I'm happy to try to answer further questions you have, and appreciate your thoughts thus far!

OK. Let's just do some sanity checks first to make sure that there is no misunderstanding. When you build your sums, do I understand right that the following goes on: you first discern the "suspected order" (say, 1,2,3,4,5,6,7,8) from all observations.

Then, if you have an observation order 7,3,5,1,8, you just compare it to the ordering of the same objects 1,3,5,7,8 and the rank differences become (4-1), (2-2), (3-3), (1-4), (5-5) (where (1-4), say, is the difference between the position of object #1 in the observed order and its position in the suspected order)?

Then, if I understand things right you just take the average of squares of those 5 differences (18/5 in this model case), multiply by (8/5)^2, and get the value from one observation. After that you average over observations and compare the result to $M$. Is this description correct?

Sorry, (1-4) is for object #7, not #1

the first part is correct, I'm now confirming the average of squares piece.

Yes, all of that looks correct

Where $M$ is some threshold

Great. Now with other averaging, you just don't multiply by $(n/n^*_d)^2$ at each step, but make the denominator $D^*$ the sum of $(n_d/n)^2$. It is like putting weights on the observations. My reason for it is that the larger $n_d$ is, the more meaningful the observation is (say, if $n_d=1$, you get no information whatsoever).

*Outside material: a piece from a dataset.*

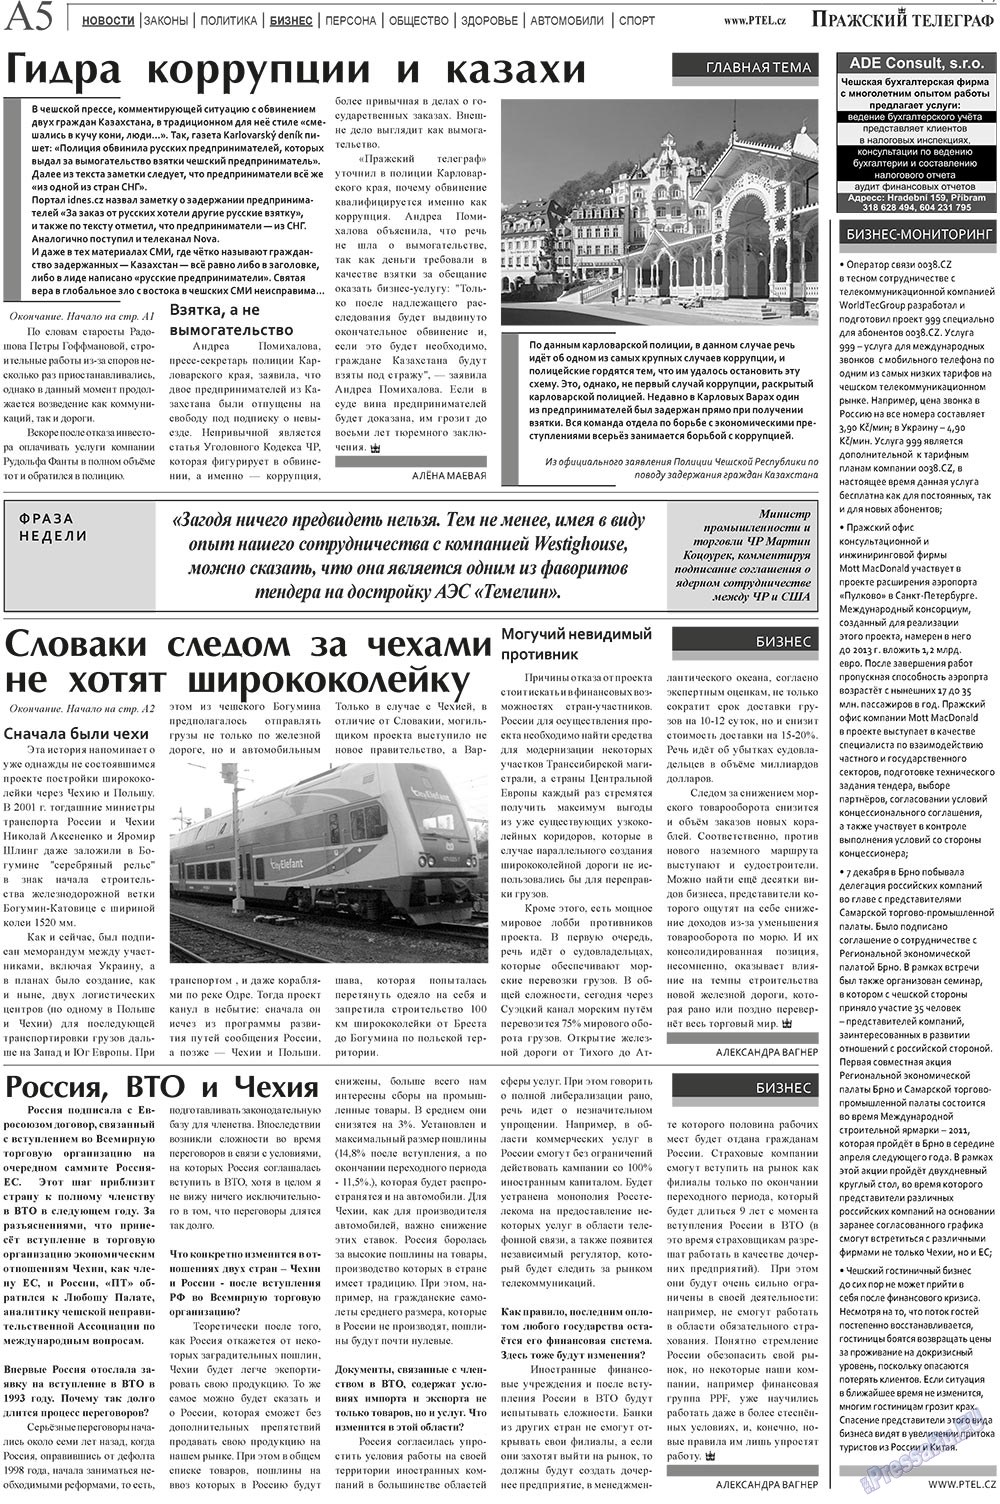 Пражский телеграф, газета. 2010 №49 стр.5

This is not the main thing though. You say that the distributions are different meaning, probably, that the passing rates are different. I wonder what happens with a fixed single set of observations if you just remove some part of objects at each observations at random and do the test for modified observations. Of course, the new value of M will be now slightly different but I'm curious how much different (on average: since we introduced some randomness, there will be some deviations).

What I'm trying to see is whether we have the correct adjustment for the size of the observed set (which I assume to be random in some sense). The intuitive factor is as I wrote, but, perhaps, there is some subtlety I overlooked. I'll try to play with some programming too in the meantime.

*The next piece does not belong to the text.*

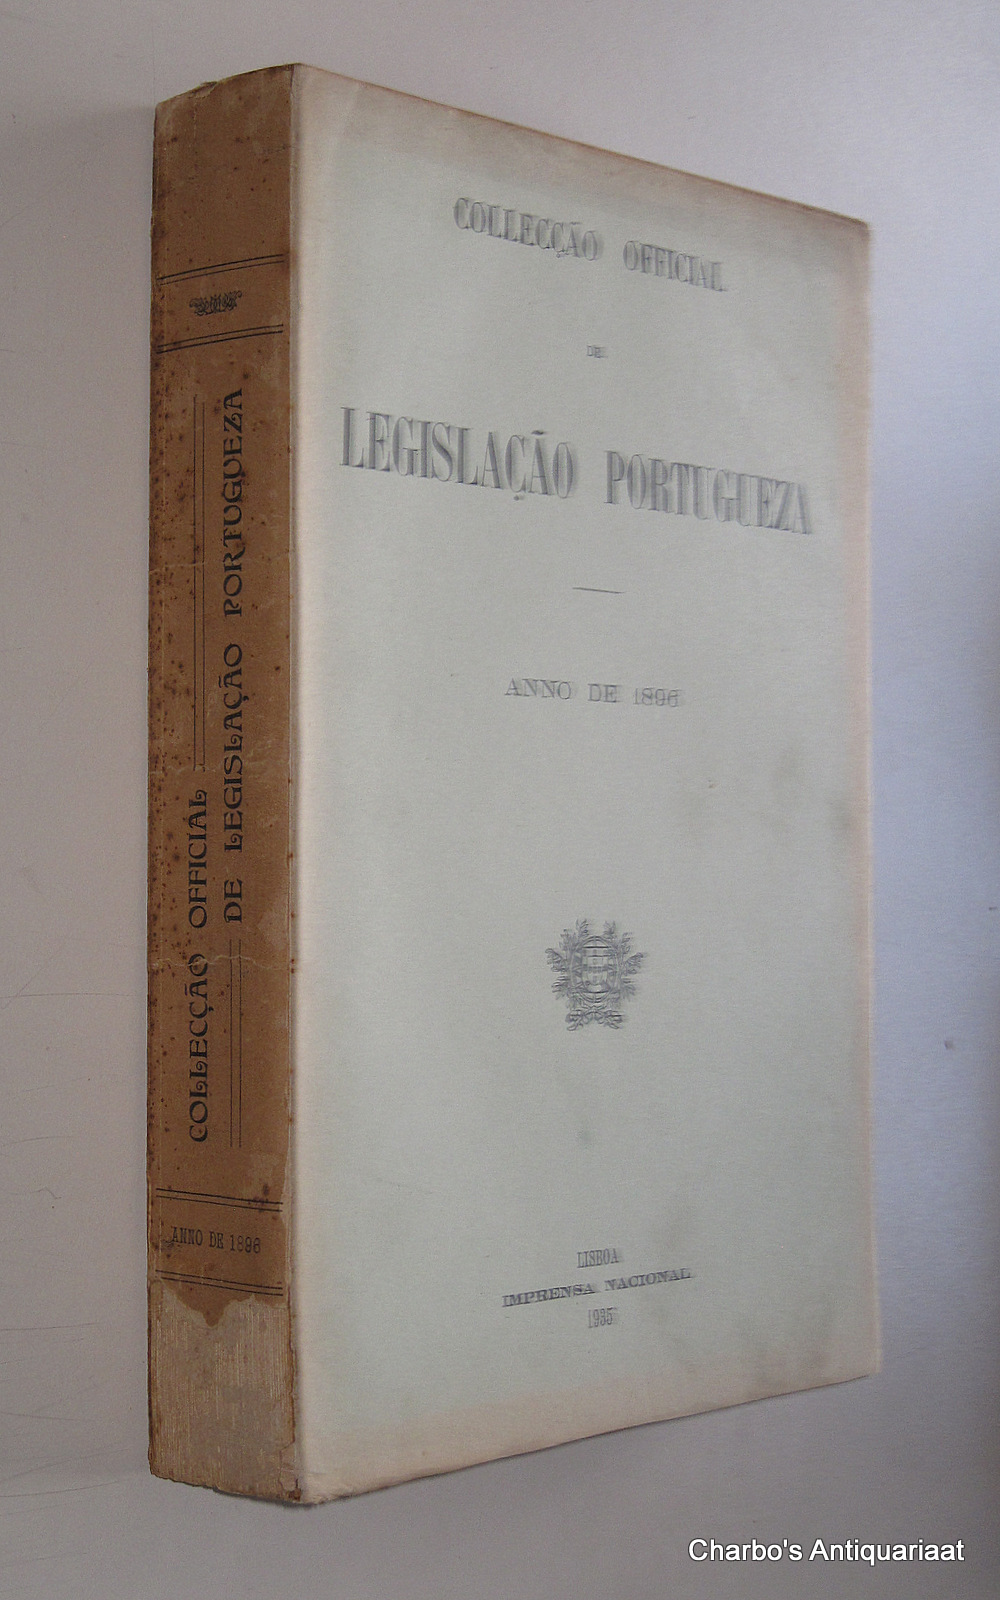 N/A, -  Colleco official de legislao portugueza, anno de 1896.

I think I follow – what you meant was not a direct substitution, but instead of averaging over D (or D*), reweight each observation as we sum them over the days. To make sure we’re on the same page, the other averaging would look something like $M=\sum_{d=1}^D (n_d^*/n) \sum_{i=1}^n (\Delta r_{id})^2$.

That sounds like an interesting test. I’ll introduce some noise to the sets (or maybe a subset of them) as you suggest, then compare the value of M in each before and after. I’ll post the results tomorrow.

$M=(1/D^*)\sum_{d=1}^D \sum_{i=1}^n (1/n_d^*)(\Delta r_{id})^2$ where

$D^*=\sum_{d=1}^D(n^*_d/n)^2$ and $\Delta r_{id}$ is understood as described in the sanity check part if object $i$ is observed and as $0$ if it isnt'.

One more question: how many observations do you have for a single set?